Question

我使用tidyr::unite使用分号作为分隔符来合并许多列。我将所有NA都更改为空格（''）。当我运行unite命令时，我得到了我想要的东西，但是还有很多带有重复分号的单元格-从空白单元格中遗留下来。这是我的字符串的示例。

string <- c('community centre;;sports hall;;;','community centre;;;;;')

在类似主题上找到此SO question之后，我想到了这个正则表达式。

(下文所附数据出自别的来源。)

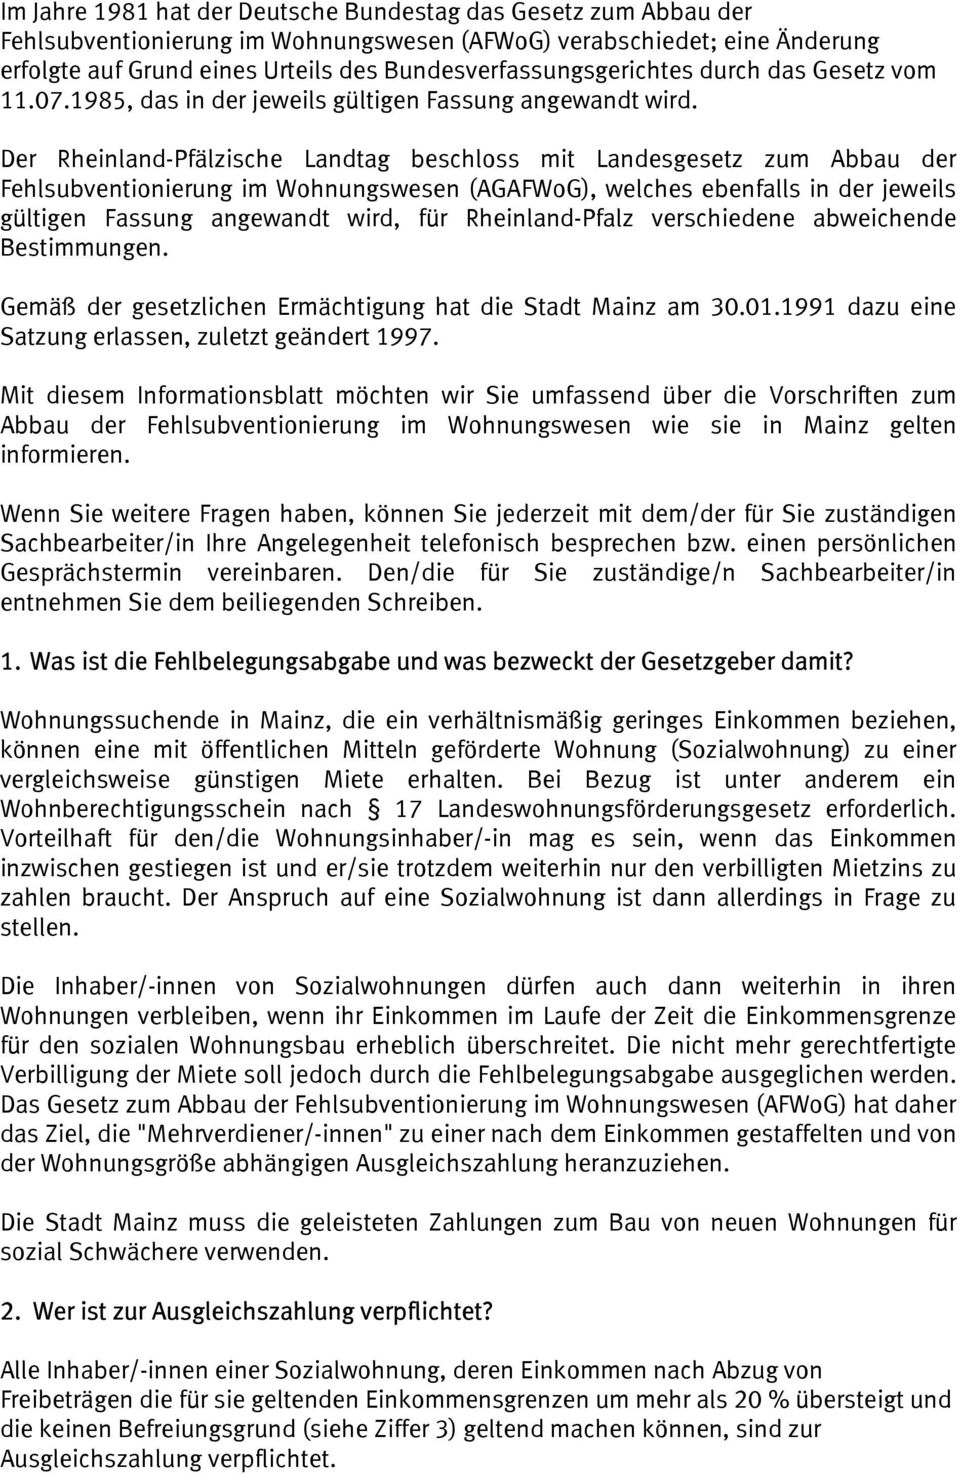 Der Rheinland-Pfälzische Landtag beschloss mit Landesgesetz zum Abbau der Fehlsubventionierung im Wohnungswesen (AGAFWoG), welches ebenfalls in der jeweils gültigen Fassung angewandt wird, für
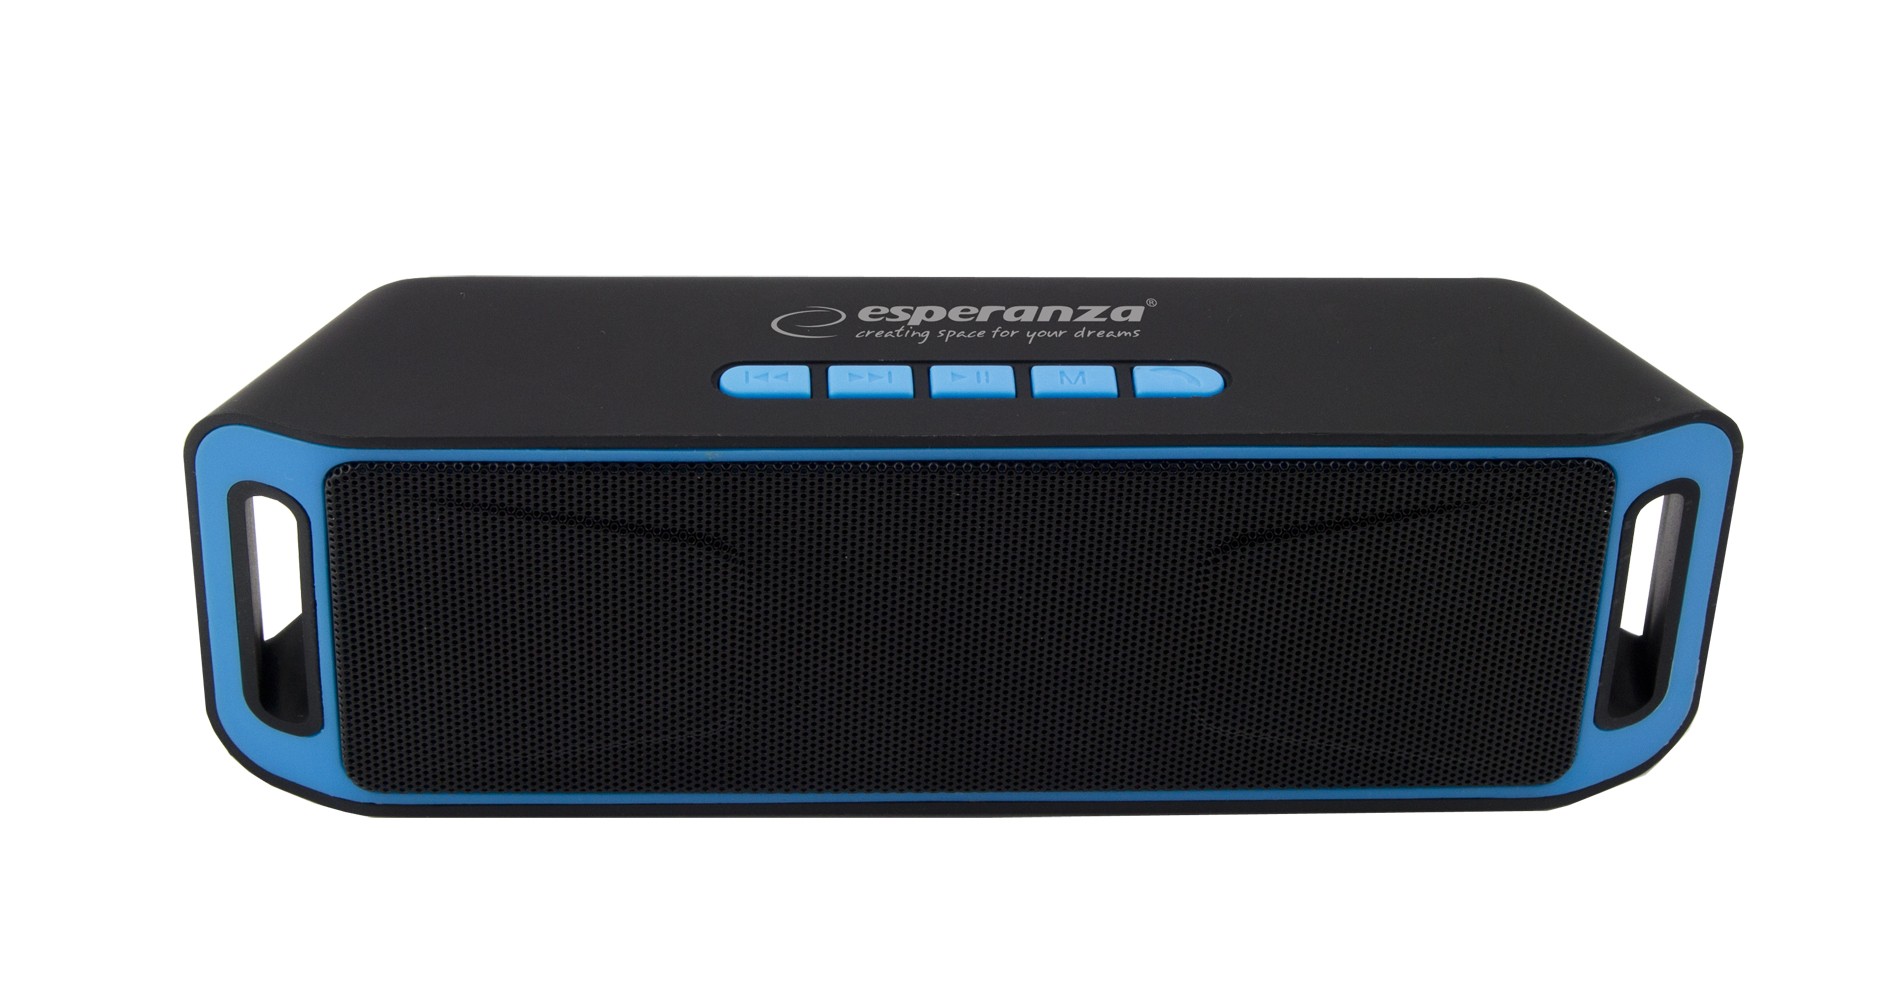 Boxa portabila Esperanza cu Radio FM, Bluetooth 4.1, 6W, 800mAh, microUSB, negru albastru

但这可以减少我的字符串中的尾部字符。

gsub('([[:alpha:]])\\;+', '\\;', string)

[1] "community centr;sports hal;"
[2] "community centr;"

继续前进后，我无法再走了。我想要一个能给我这个输出的正则表达式。

[1] "community centre; sports hall"
[2] "community centre"

谢谢。

Answer 1

为简单起见，我建议分两步进行。首先用;替换多个"; "，然后从字符串末尾删除"; "。范式正则表达式将更高效，但不那么直接。

string = gsub(";+", "; ", string)
string = gsub("; $", "", string)
string
# [1] "community centre; sports hall" "community centre"

Answer 2

我们可以使用：

stringr::str_remove_all(string,";(?=\\W+)|;$")
[1] "community centre;sports hall" "community centre"

Answer 3

您可以为工作使用一个正则表达式：

gsub("^;+|;+$|(;)+", "\\1", string)

或者，如果您更喜欢stringr：

stringr::str_replace_all(string, "^;+|;+$|(;)+", "\\1")

它匹配

替换只是组1的内容，如果前两个替代项匹配，则为空字符串，如果第三个替代项匹配，则为;。